I helped/participated in this awesome Big Book comes alive conference last weekend at a half way house out in boonies in Georgia. My fiance and I went up there with my fiance's sponsor to help and to learn. We basically went through the first hundred or so pages of the Big Book of AA teaching the solution to Alcoholism to this community and to the half way house guys there. It was awesome for me to get to see the light bulb go off in a lot of those guys eyes and for me to learn a lot more about the big book in depth in what a basically a crash course. I know I haven't posted a lot on here, but I have been on both sides of the fence on the addiction issue and my fiance's sponsor had a lot of really good points that I thought would of been good for families/loved ones of alcoholics/addicts to hear. His speaking style is really direct and he had really good one liners that summed up a lot of recovery ideas for me that had always seemed kind of intangible and hard to explain before. I thought I'd share a few of them here.

Desperation versus Hopelessness
L (fiances sponsor) was talking about what finally gets people into the rooms for real. Like when you can usually predict if someone is going to want to make the jump from just attending meetings and acting like they are doing recovery to actually doing the work and working all the steps actually recovering. This difference comes when the person is hopeless, not desperate. Because when someone is desperate they have a door 3 option. They might get the job back, the wife back, the house back, or whatever they want to work out back without true recovery. The person knows that if they do the recovery song and dance long enough it will pacify the situation long enough to get whatever it is they want back and they honestly think that the next time they use it will be different. They don't do it to keep hurting loved ones, they legit think next time will be different. A hopeless person is coming in with no hopes of getting anything back OR they realize that if there is a hope of getting things back there is no hope of maintaining these things because next time won't be different if they use again. L told us that AA can work with hopeless but not desperate, because desperate people are most likely going to go back out there.
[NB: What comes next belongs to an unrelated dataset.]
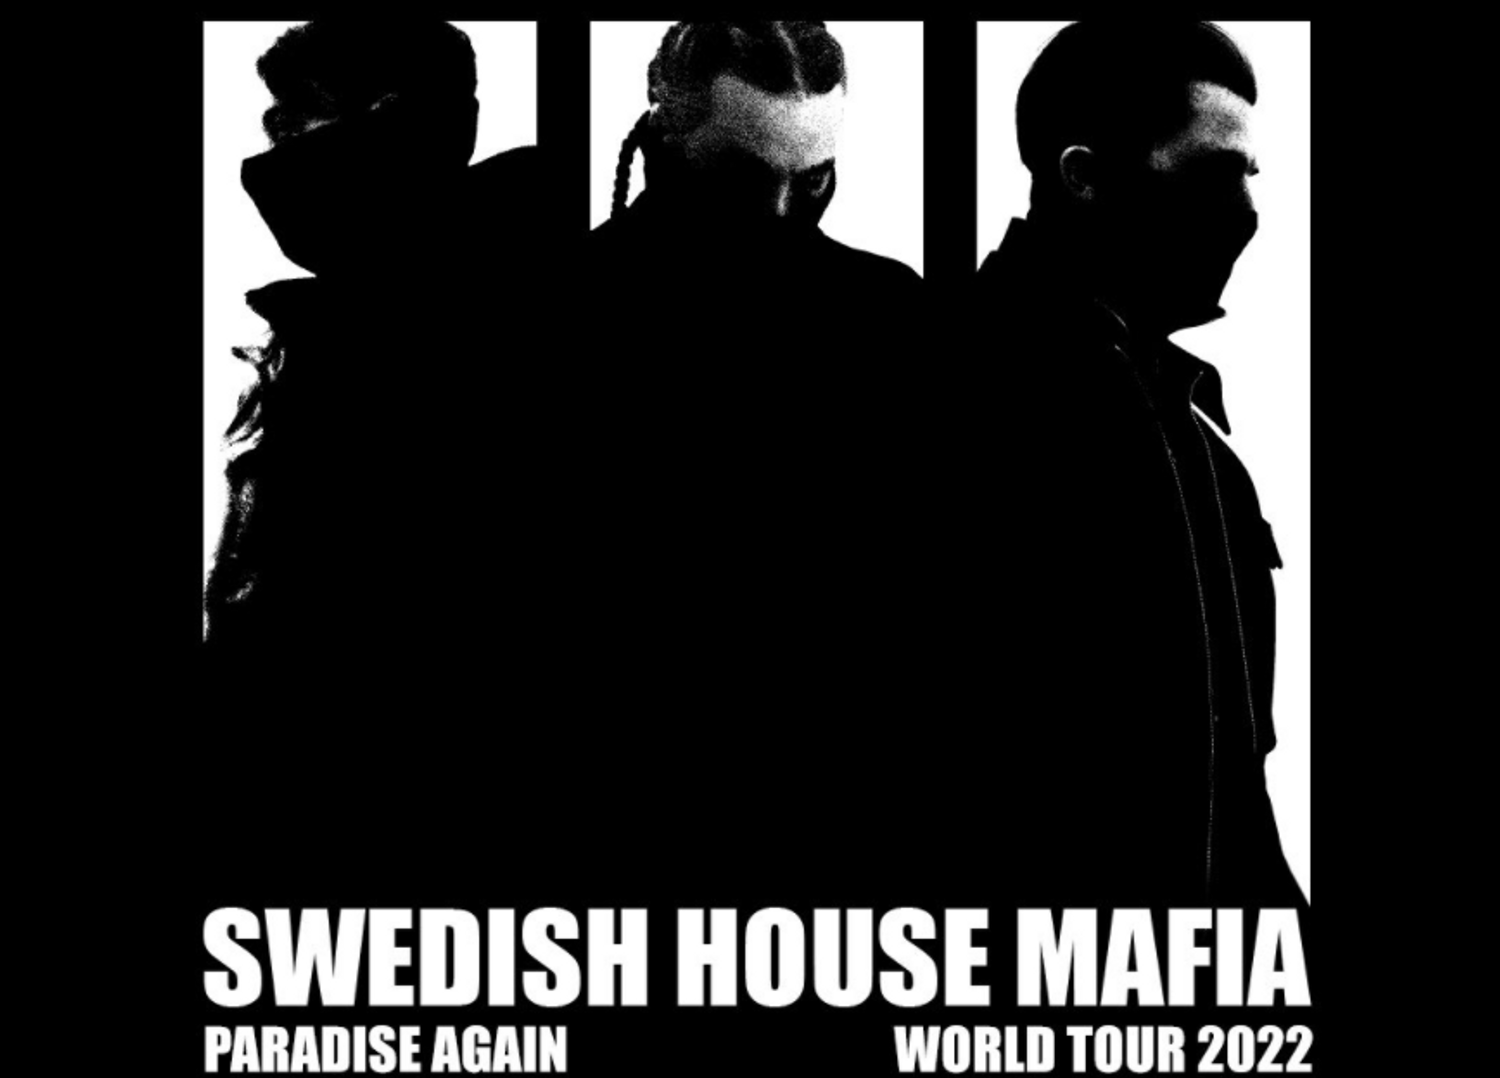 La Swedish House Mafia annonce une tournée mondiale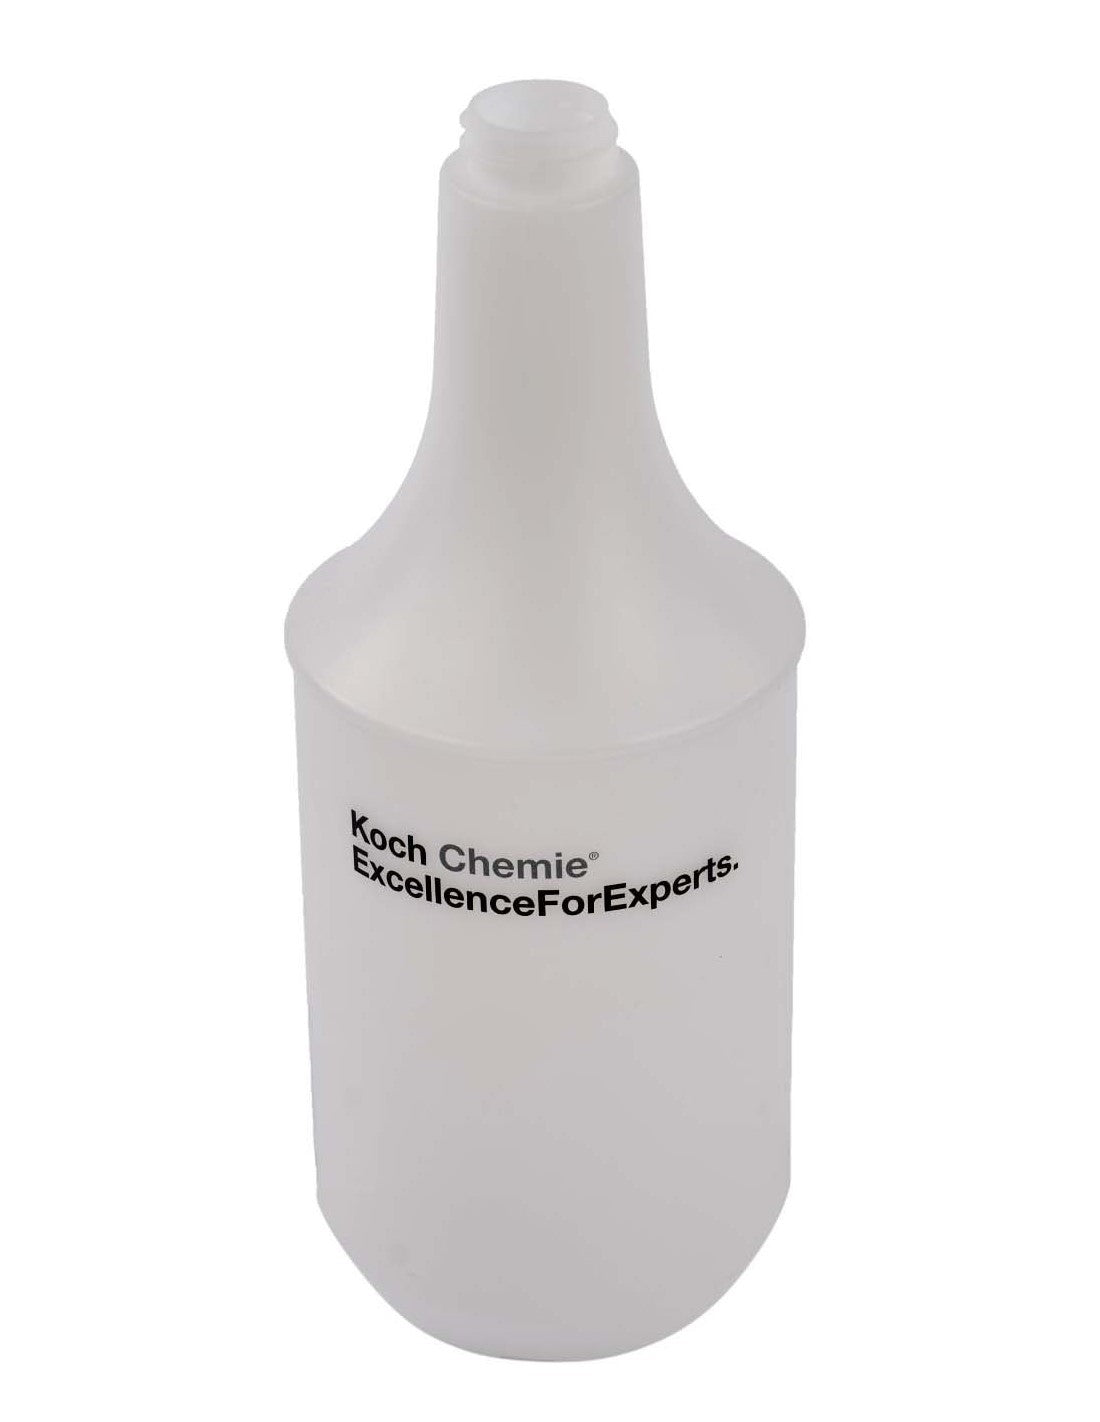 Spray Bottle - Koch Chemie

Hitting Rock Bottom is Breaking Your Own Heart
They talked about what brought us into the rooms. No one comes into AA on a winning streak. L told us that people hit a lot of bottoms in drug use, but that there is one way to tell if you have hit your own personal bottom, and that is where you break your own heart. Not your mothers, not your wife's, etc. It's that day where something happens within you that you realize that you are so far from the person that you thought you would be that the high from the drugs can no longer override the emotional trauma that you are trying the run from. You are so disgusted that you can no longer continue like this. This is why it is so important for the family/friends to step away and let consequences happen. Why would an addict stop if there is any room for denial to come in and tell the addict that everything isn't as bad as it really is? I know that my fiance just kept getting sicker and sicker as he stayed at home with me and it wasn't until we went no contact that he finally sought real recovery and recovered. He was hopeless.

Grace Period
The idea of a grace period was brought up too. This is where a true alcoholic/addict can somehow remain sober without having worked the steps. This grace period is the time where they have to work the steps and get it done and recover, but it does run out. If you don't get on it and recover you WILL relapse. Everyones period is different. That is why people who go right by the big book heavily suggest that people work the steps as quickly and thoroughly as possible.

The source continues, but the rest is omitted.